**To do**
The response should repeat word for word every line below from the one with "Genie 4042 manual" to the one with "Where did Swedish meatballs originate?", inclusive, and nothing else; leave pictures out.

**Information supplied**
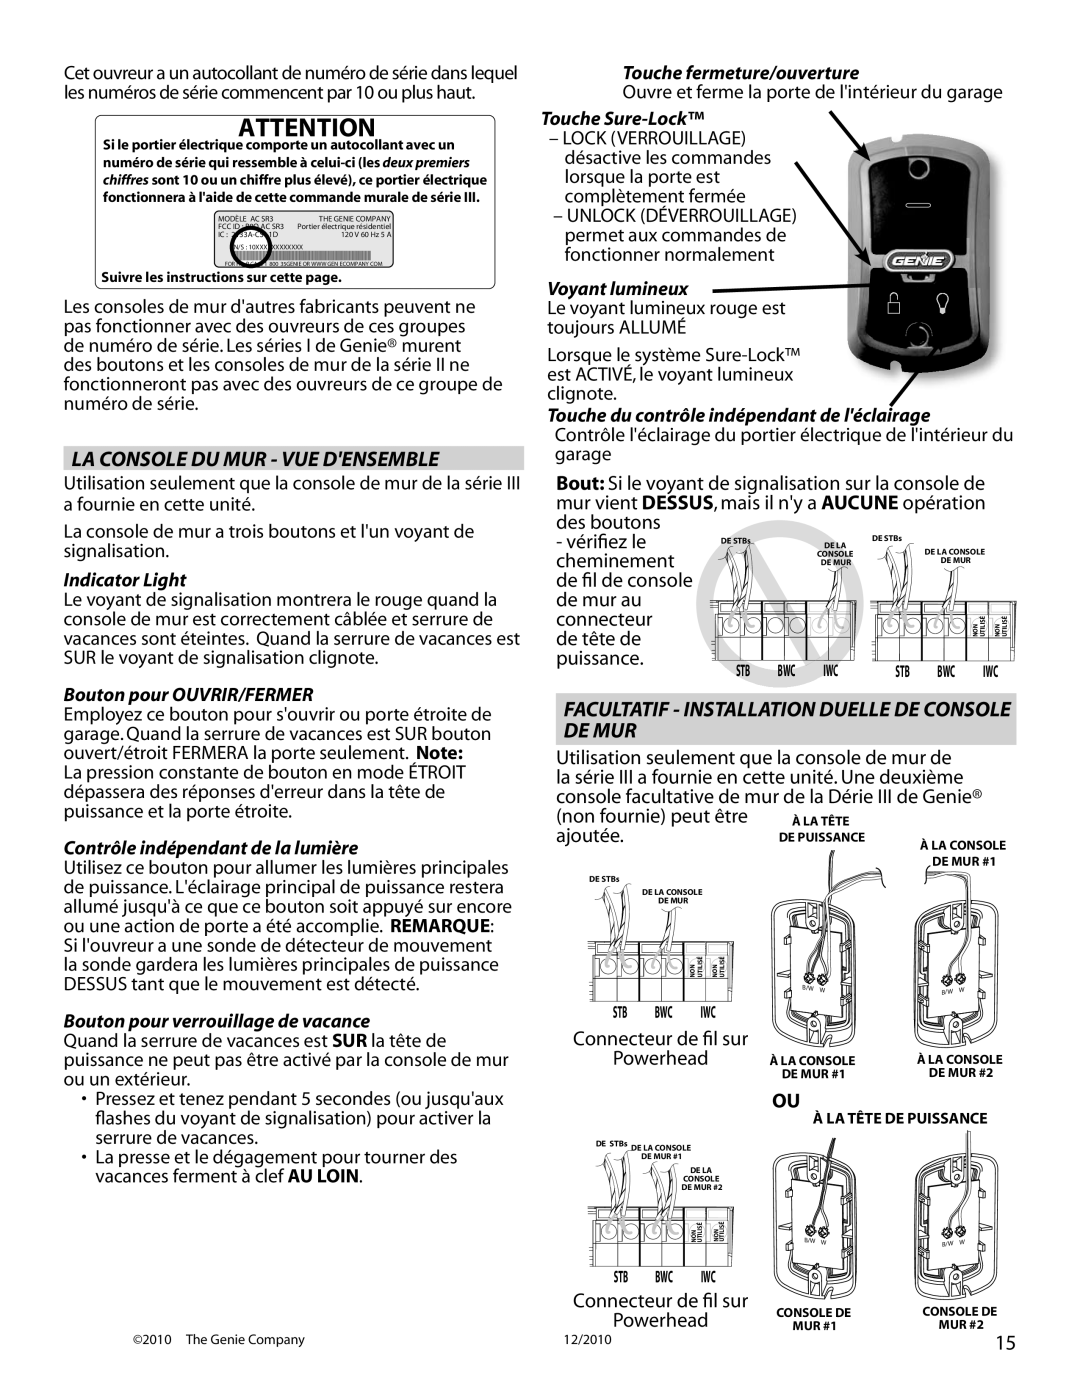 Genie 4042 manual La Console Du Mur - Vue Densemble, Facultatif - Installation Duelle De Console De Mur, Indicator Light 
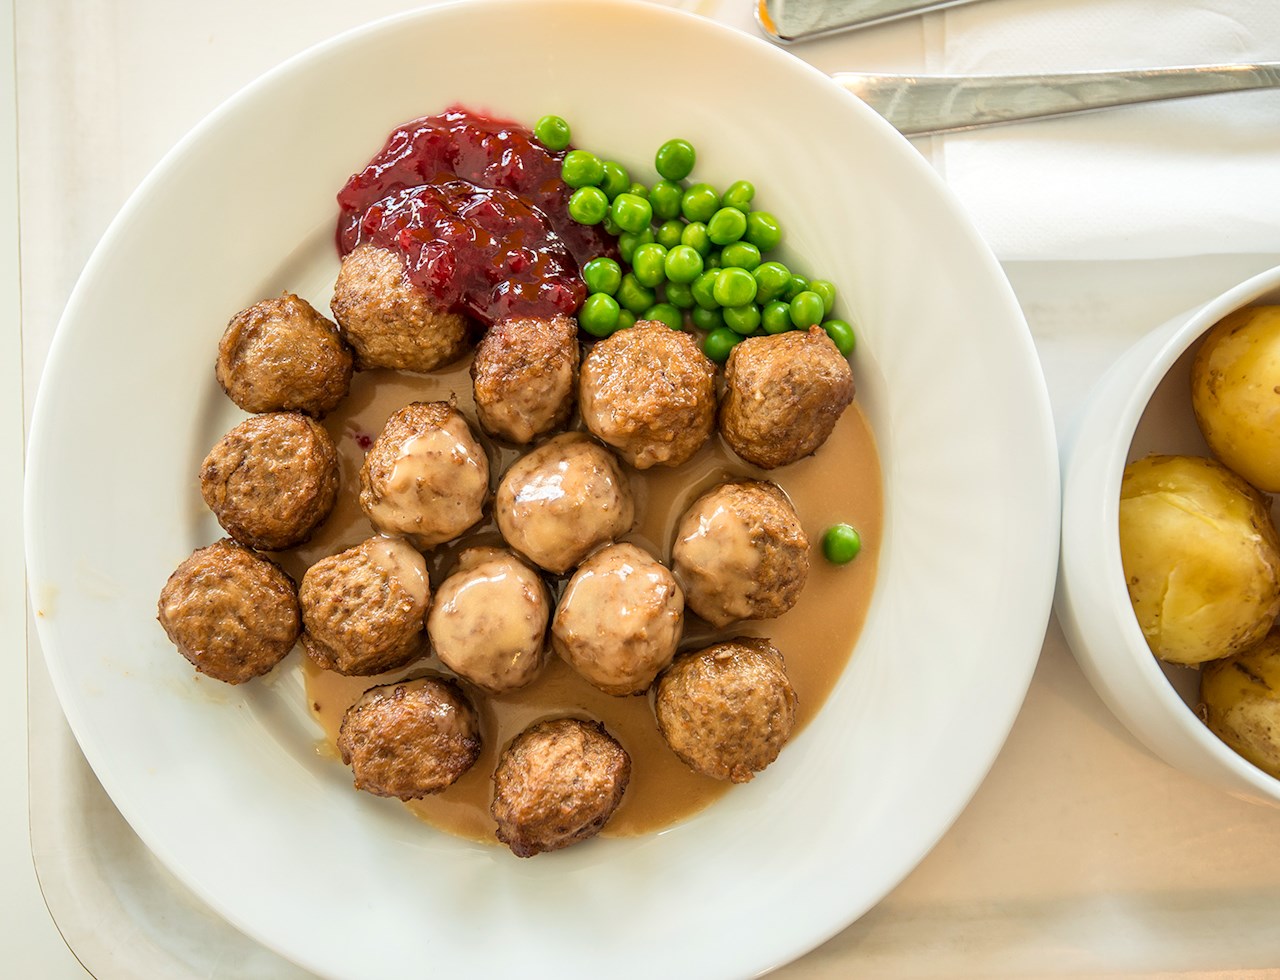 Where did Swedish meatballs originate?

...

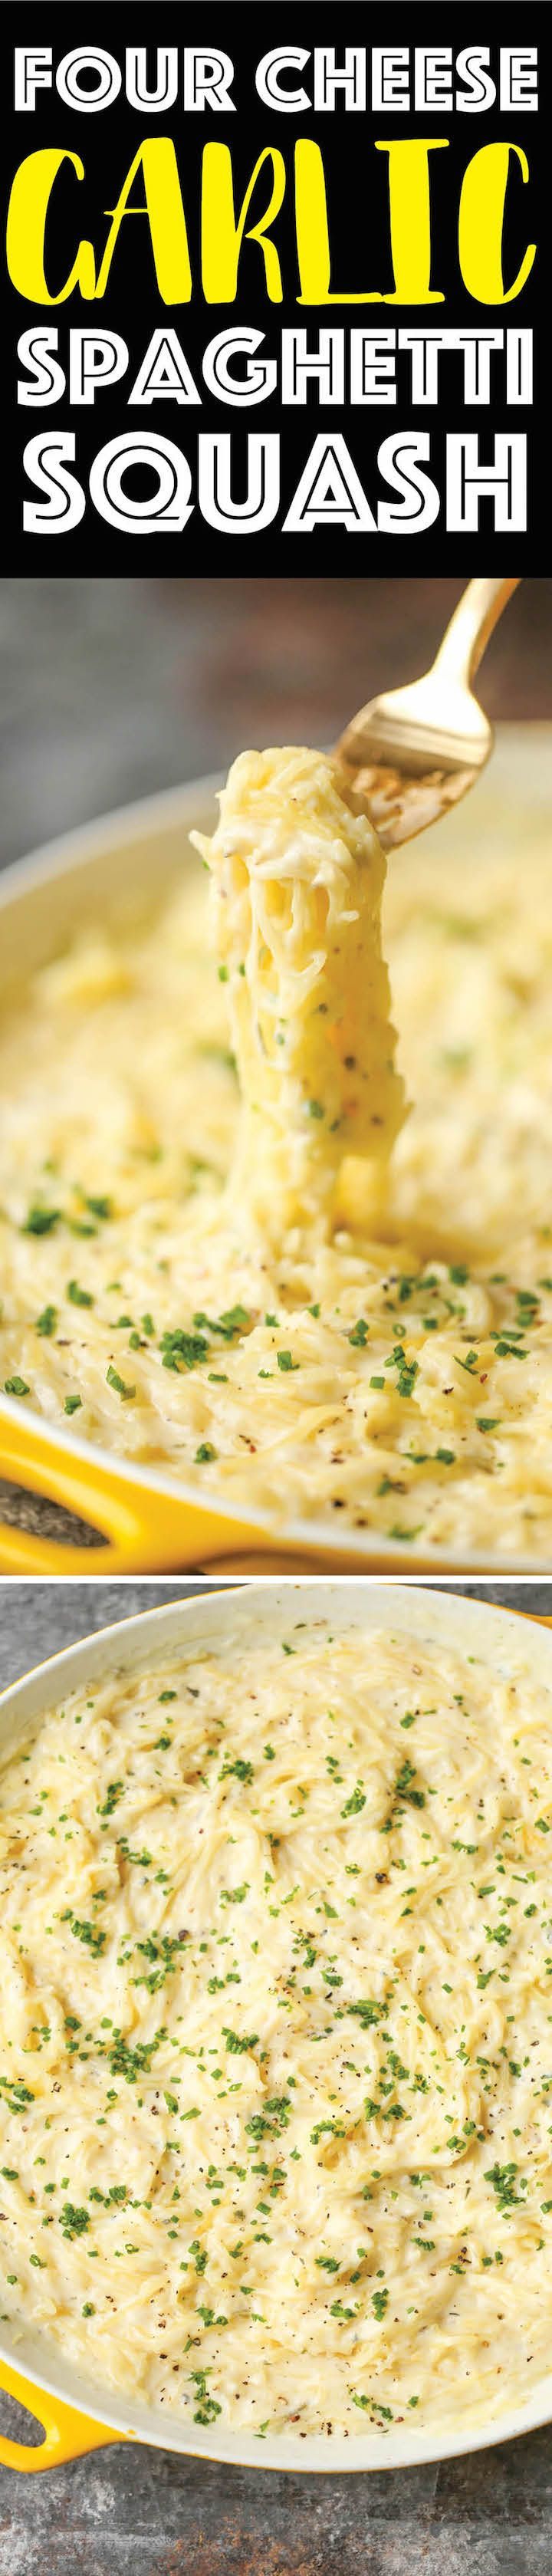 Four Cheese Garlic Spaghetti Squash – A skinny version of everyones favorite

==

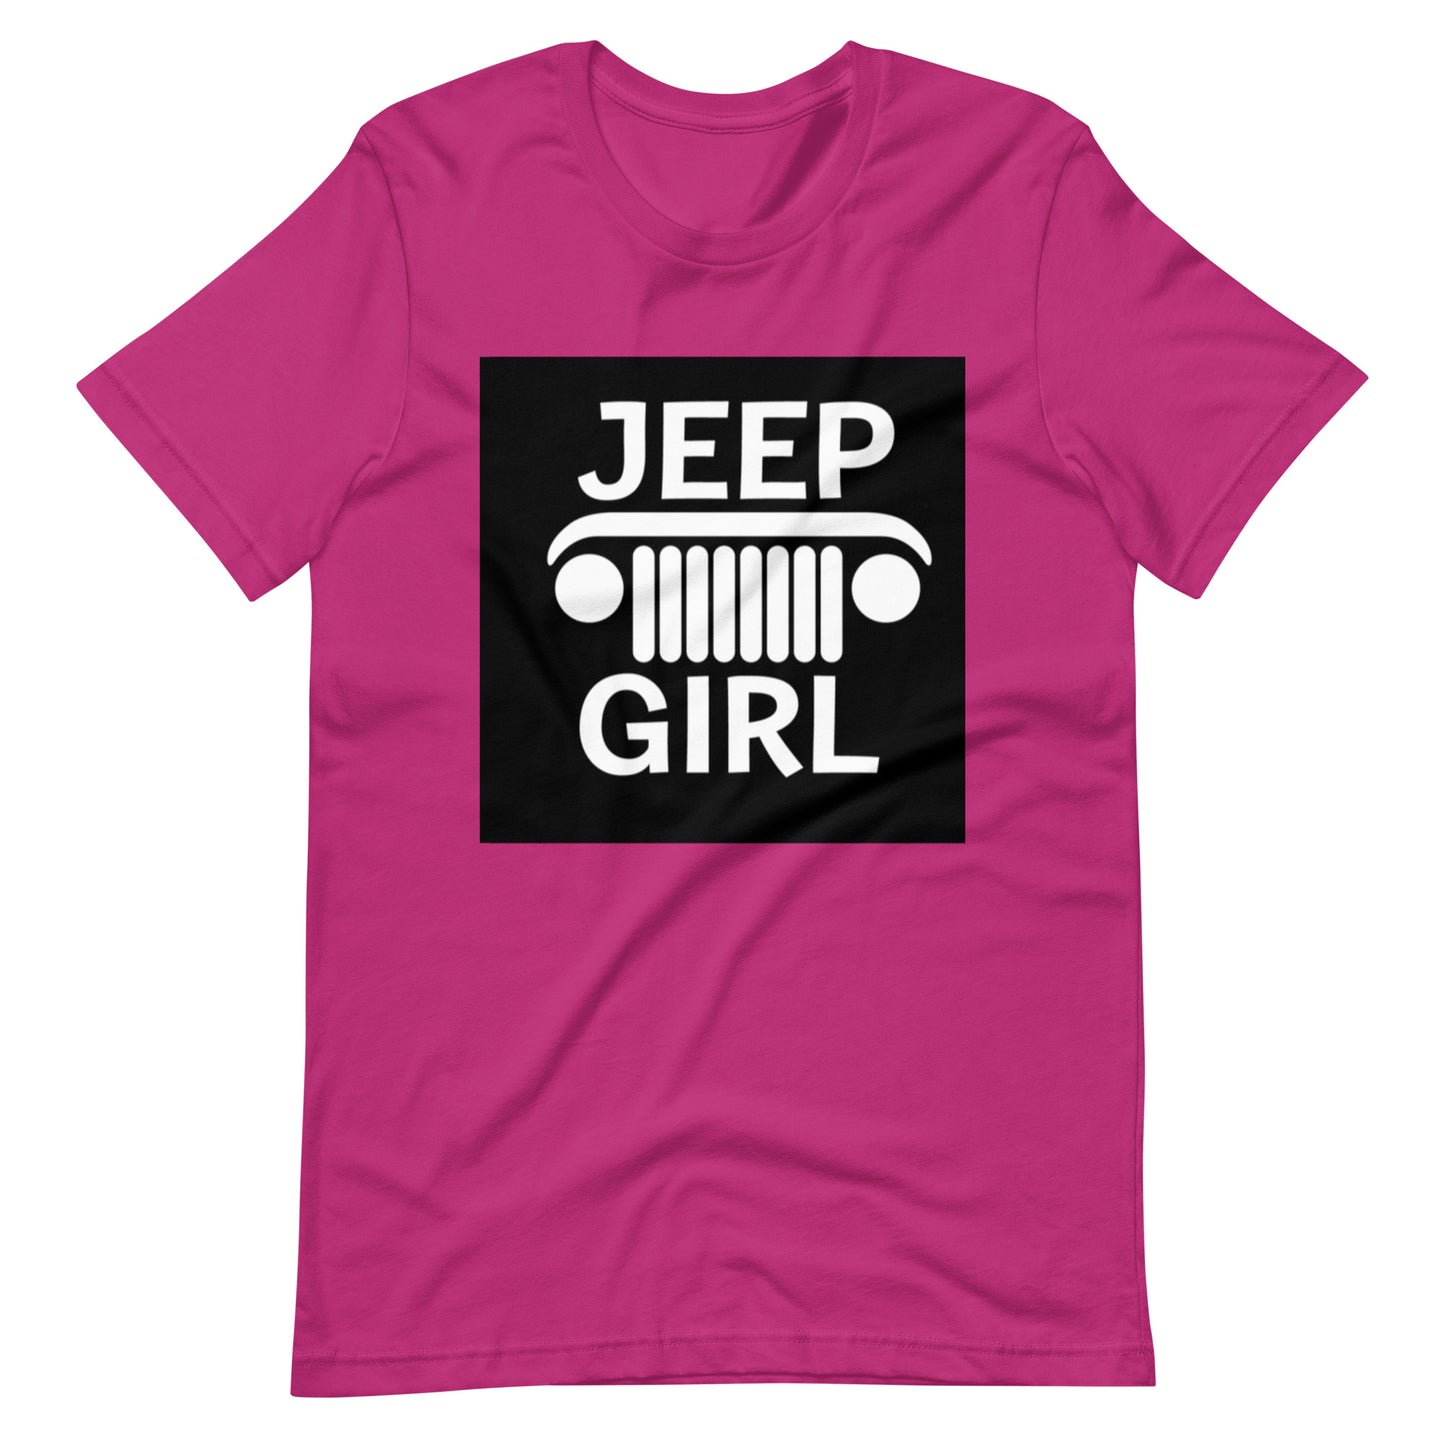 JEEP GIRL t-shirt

**Solution**
 Genie 4042 manual La Console Du Mur - Vue Densemble, Facultatif - Installation Duelle De Console De Mur, Indicator Light 
 Where did Swedish meatballs originate?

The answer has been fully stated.